# Why is the expectation value of Hermitian conjugate operators $RR^\dagger$ always real and non-negative?

I've been reading through a derivation of the wavefunctions and energy levels for the quantum harmonic oscillator. It defines

$$\hat R^\pm=\frac{1}{\sqrt{2}}[\hat p \pm \mathrm{i}\omega \hat q]$$ in mass-weighted coordinates $q=x\sqrt{\mu},$ such that $\hat p= -\mathrm{i}\hbar(\mathrm d/\mathrm dq)$ and $\hat q$ is the position operator.

It then asserts that that $\langle \psi|\hat R^+\hat R^-|\psi\rangle$ must be real and non-negative, since $\hat R^+$ and $\hat R^-$ are hermitian conjuagtes. I know that $(\hat A\hat B)^\dagger = \hat B^\dagger \hat A^\dagger$ and so $\hat R^+\hat R^-$ is a hermitian operator meaning that the bra-ket must be real, but I can't see why it should be non-negative. Could anyone shed some light on this?
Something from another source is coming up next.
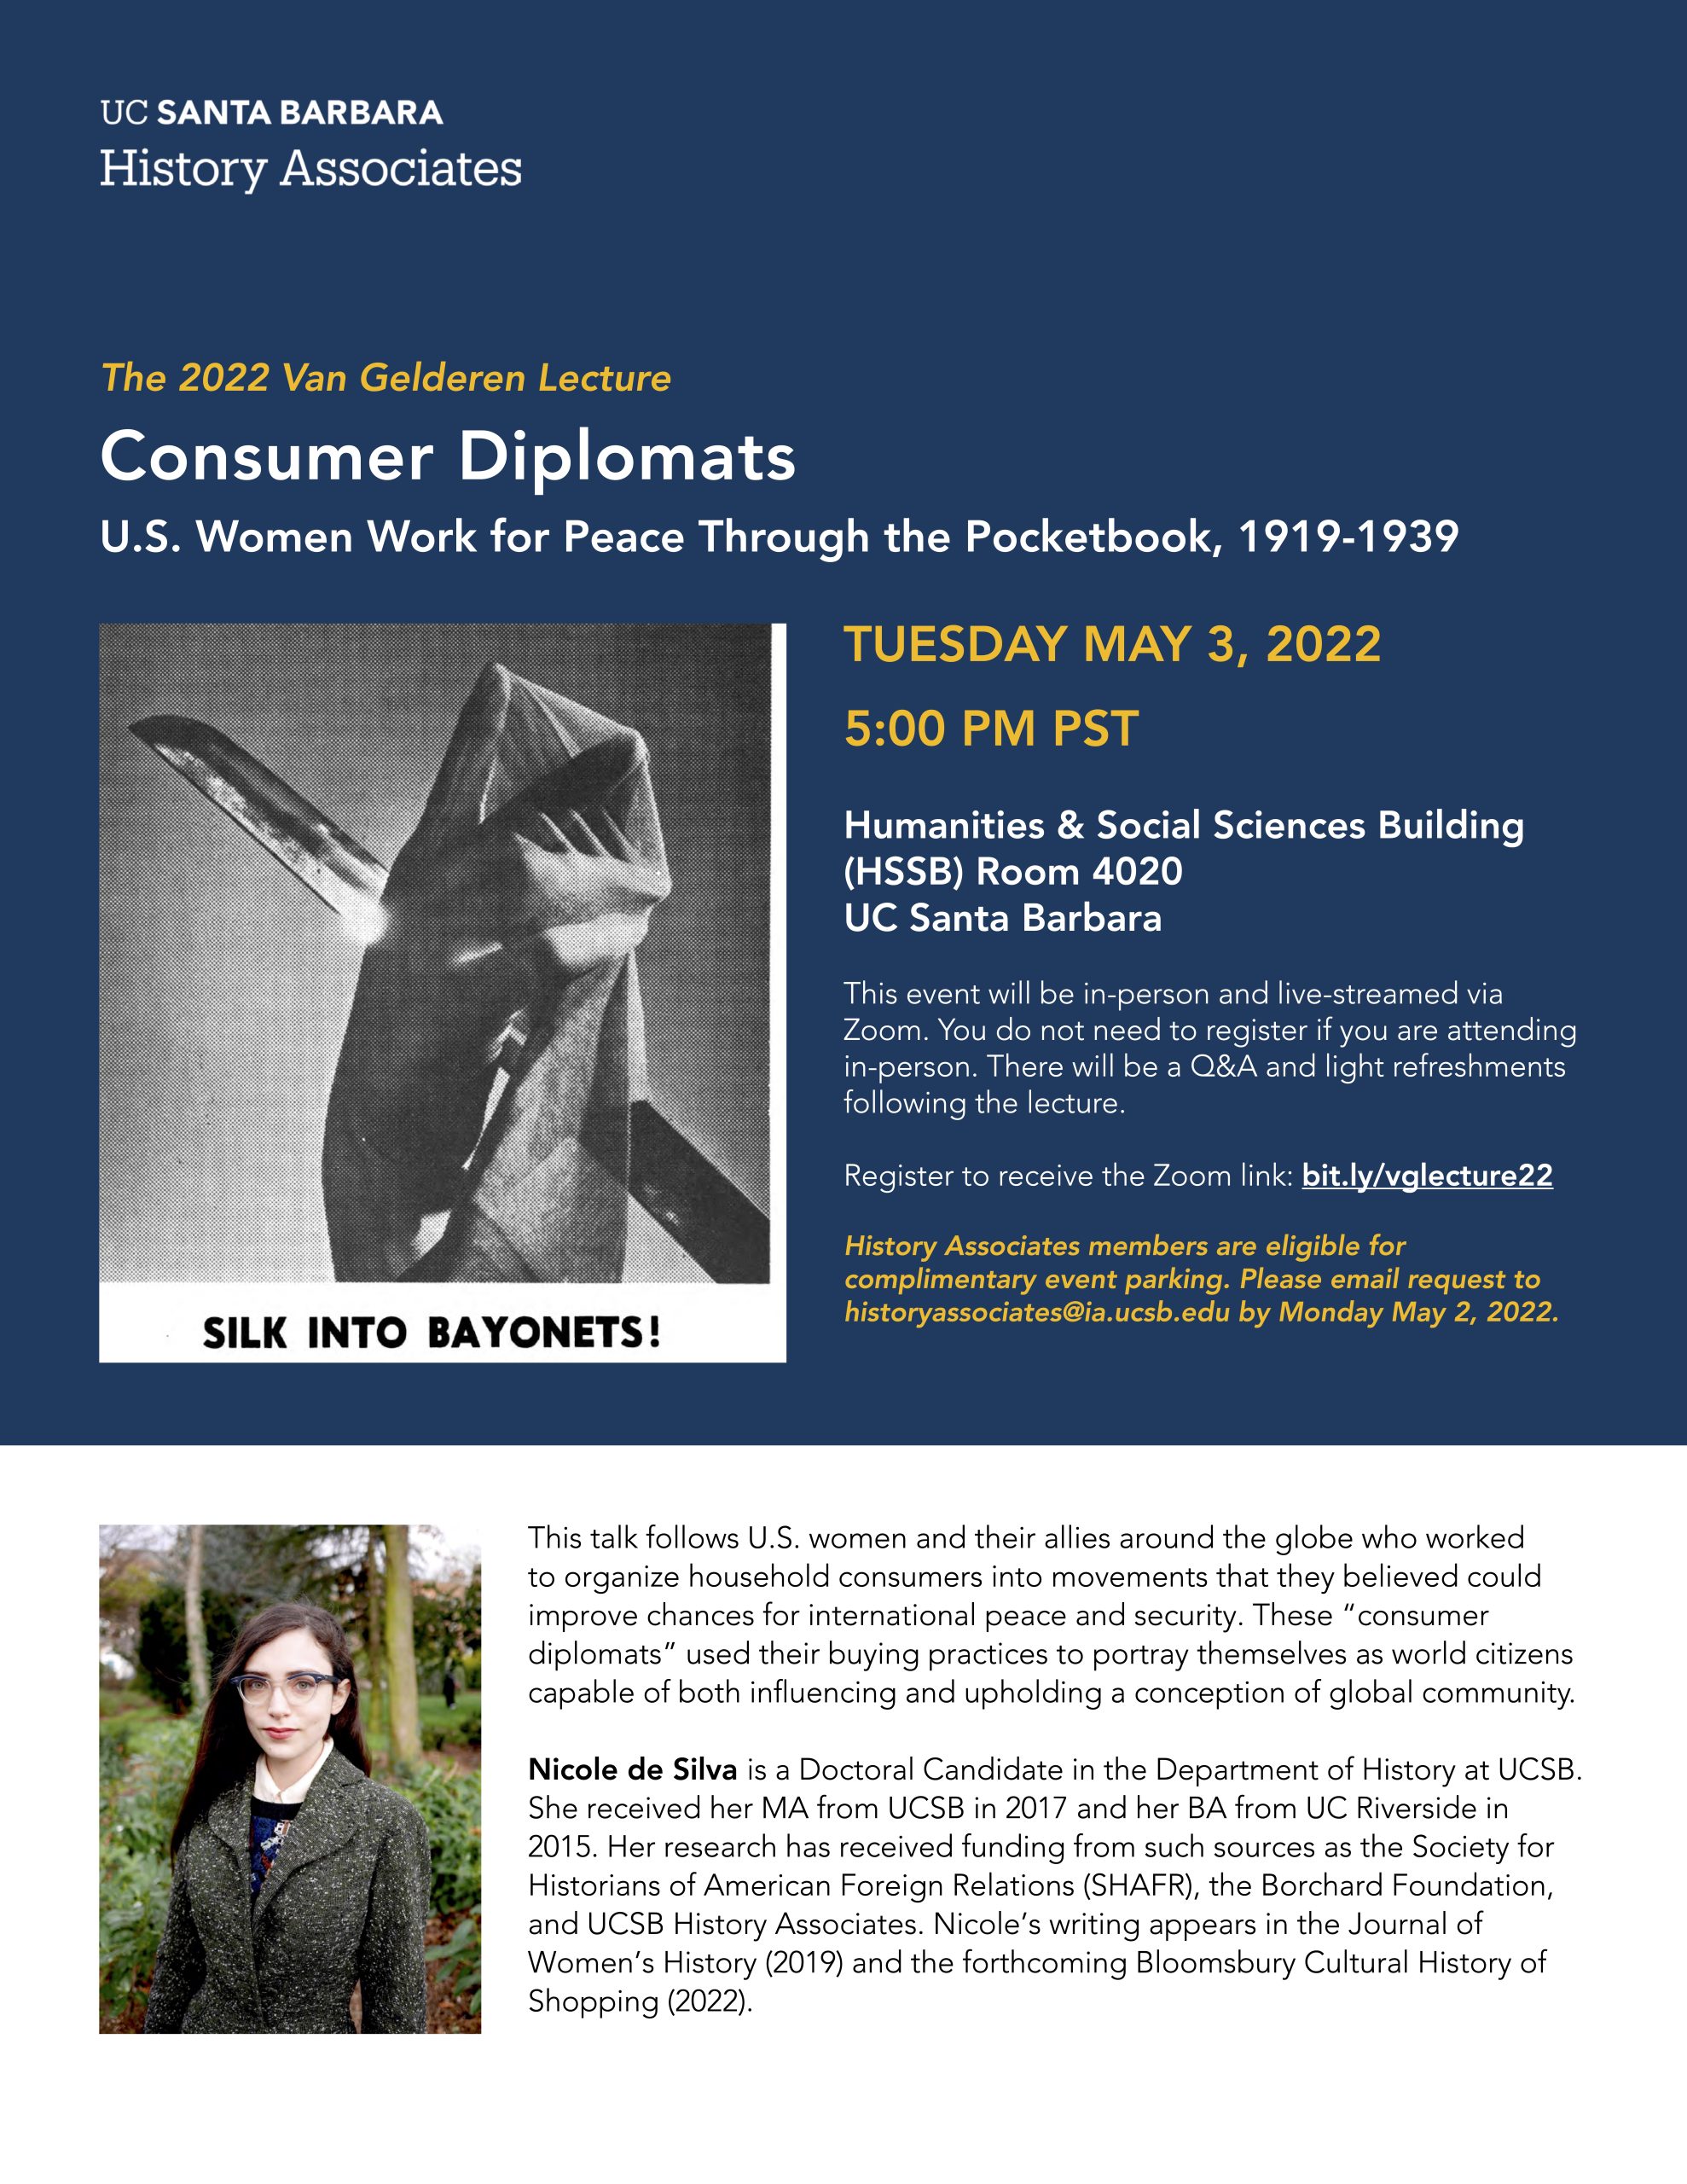 Flyer for "The 2022 Van Gelderan Lecture, Consumer Diplomats: US Women Work for Peace Through the Pocketbook, 1919-1939" with Nicole de Silva on May 3, 2022 at 5PM in 4020 HSSB

Let $\hat{R}^-|\psi\rangle = |\psi'\rangle$ (a new ket; we don't care what it is). If you take the adjoint of this equation you get

$$\langle\psi'| = \langle\psi|(\hat{R}^-)^\dagger = \langle\psi|\hat{R}^+$$

and hence

$$\langle\psi|\hat{R}^+\hat{R}^-|\psi\rangle = \langle\psi'|\psi'\rangle$$

which by definition of the inner product must be real and non-negative.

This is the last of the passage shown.